Speakers
Description
Silicon photomultipliers (SiPMs), also known as multi-pixel photon counters (MPPCs), represent an alternative solution that to a large extent combines the advantages of PMTs and APDs. They have high gain, low bias voltage, excellent timing properties and are insensitive to magnetic fields. SiPMs perhaps are the best readout choice for advanced positron emission tomography (PET) systems, such as PET/MRI instruments and time-of-flight (TOF) PET imaging. The most popular SiPM technology that is commercially provided by SensL, Hamamatsu and FBK etc., employs poly-silicon or metal quenching resistors at the device surface, and achieved energy resolution about 9% and coincidence time resolution around 120ps.
Unlike most commercial SiPMs, NDL SiPM uses the bulk resistors in the epitaxial layer as quenching resistor (EQR SiPM); it features small micro cells with high fill factor, fast response to even a single photon, and simple fabrication technology.

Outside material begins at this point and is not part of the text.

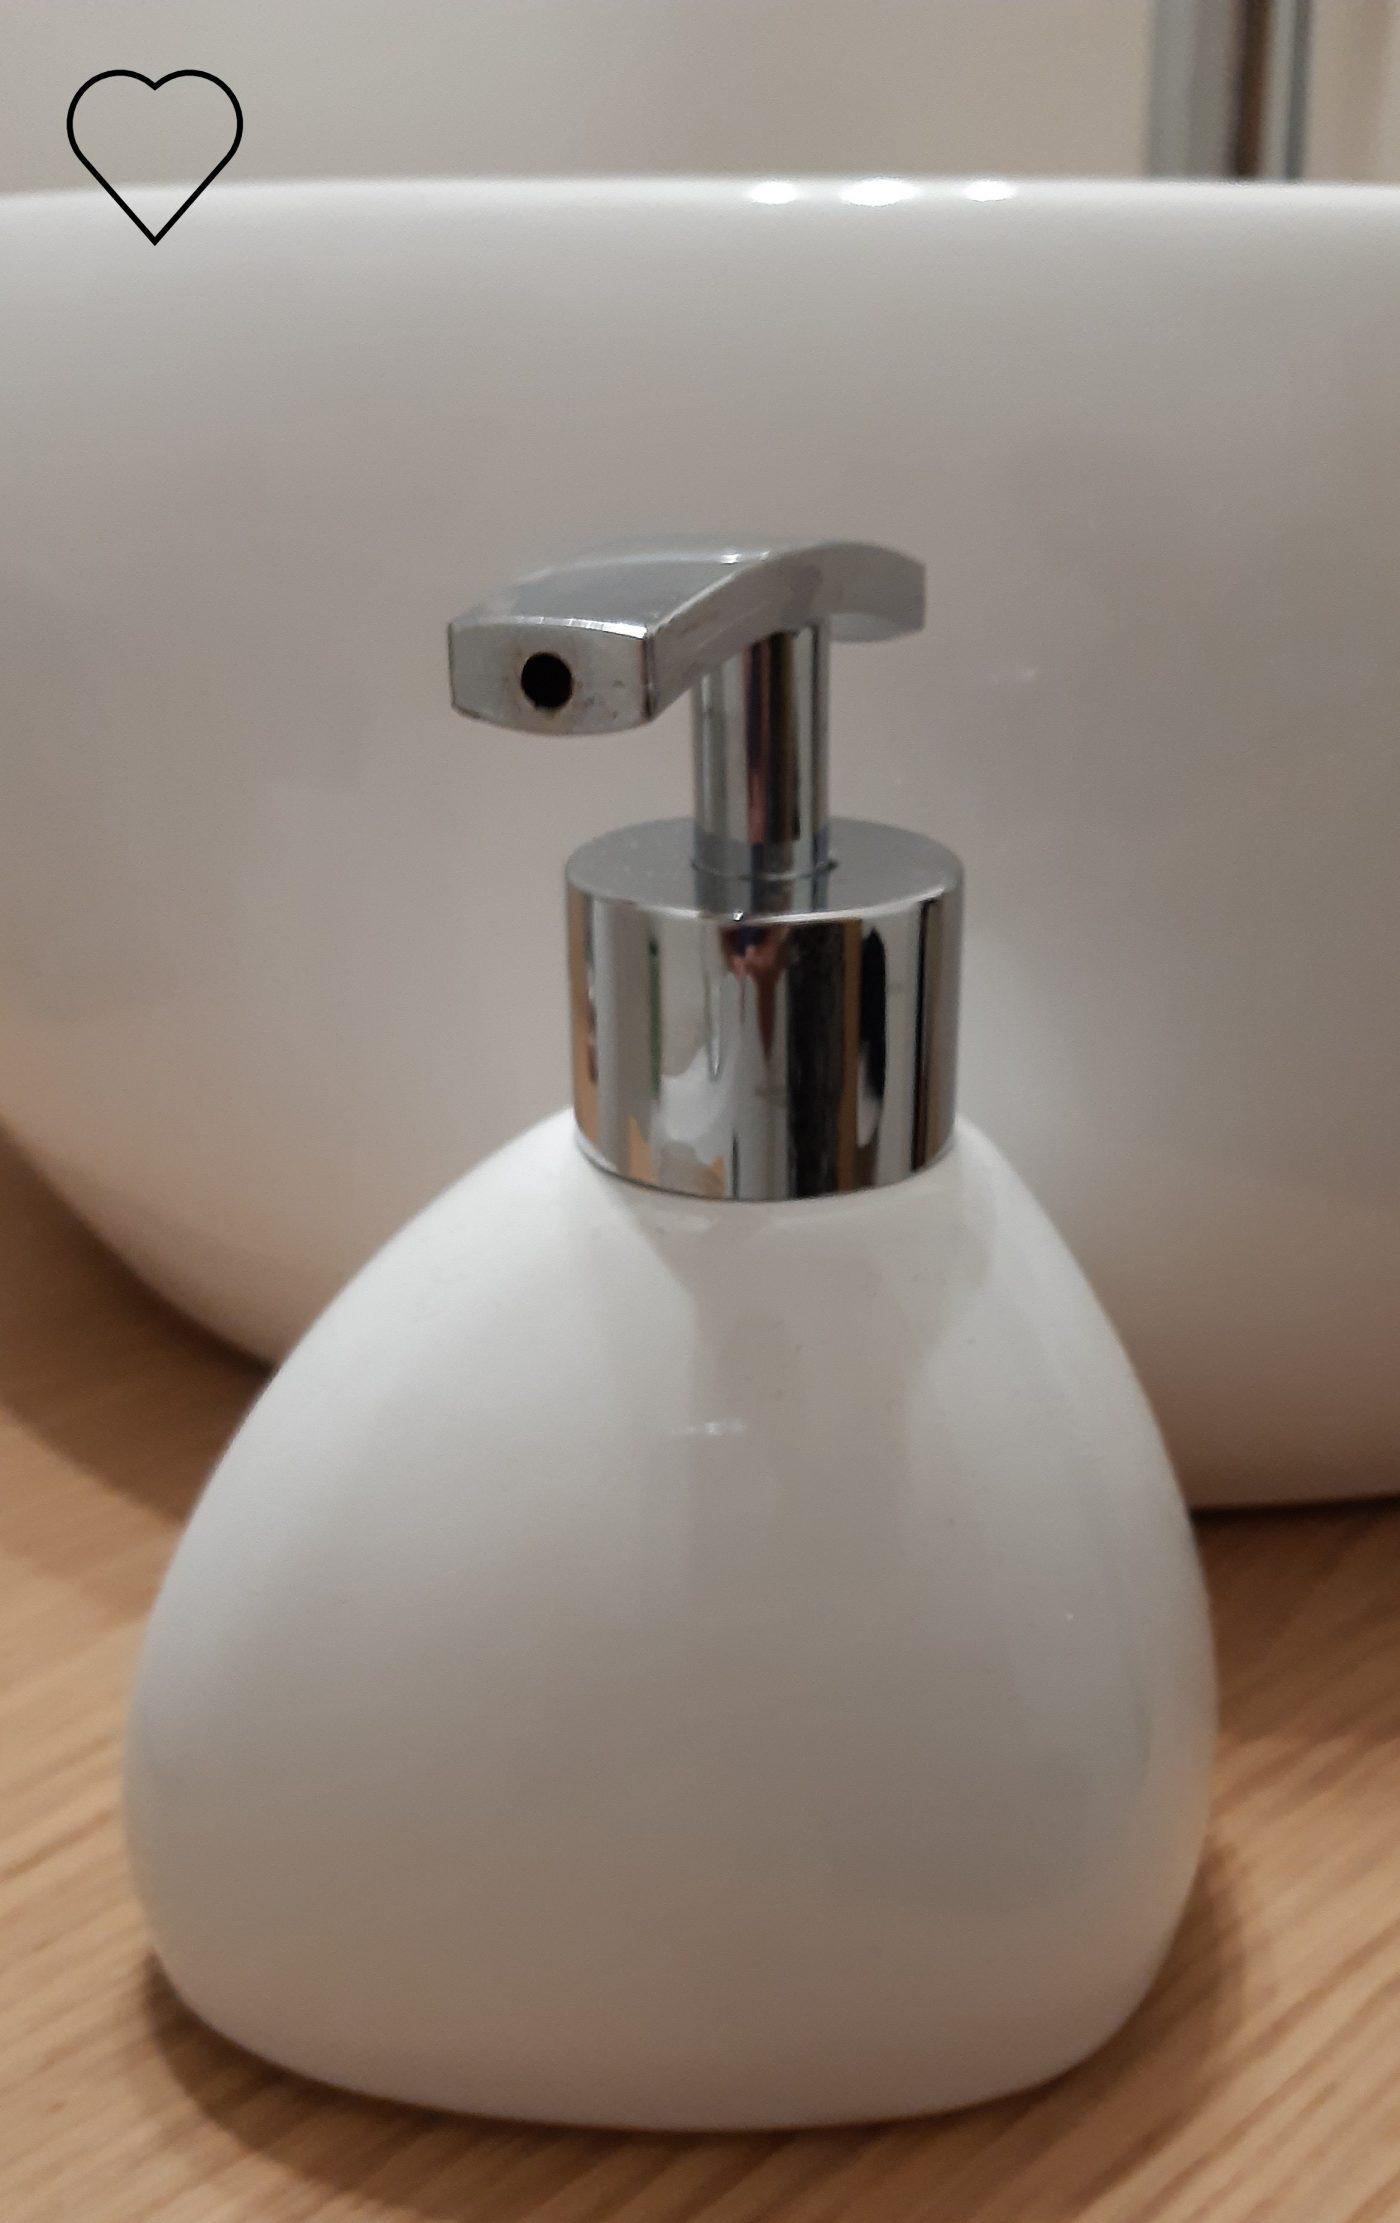 J'ai testé pour vous distributeur de savon silk blanc 5 five simply smart

In this conference, we report NDL EQR-SiPM as a candidate for PET detector readout. For detailed characterization of EQR SiPM based PET detectors, an architecture measuring 511keV gamma photons irradiated from a 18F-FDG source was set up, in which two EQR SiPMs are optically coupled to a pair of lutetium oxy-orthosilicate (LYSO) crystals, the outputted signals are fed to a digital oscilloscope to analyze energy information and perform coincidence processing. The EQR SiPM has active area of 3mm×3mm, comprising 90000 individual cells, a dark count rate of 6.3 MHz at 9 V overvoltage, a peak PDE of 34% for 420 nm photons and an intrinsic single photon timing resolution (SPTR) of 81 ps at the same voltage. The energy resolution (ER) of ~10.1 % and the coincidence timing resolution (CTR) of ~195 ps (FWHM) were obtained with the 2.84mm×2.84mm×6mm LYSO crystals. Saturation effects involved in most commercial SiPM with limited micro cells is negligible. Those results verify that EQR-SiPM is promising in applications of PET imaging.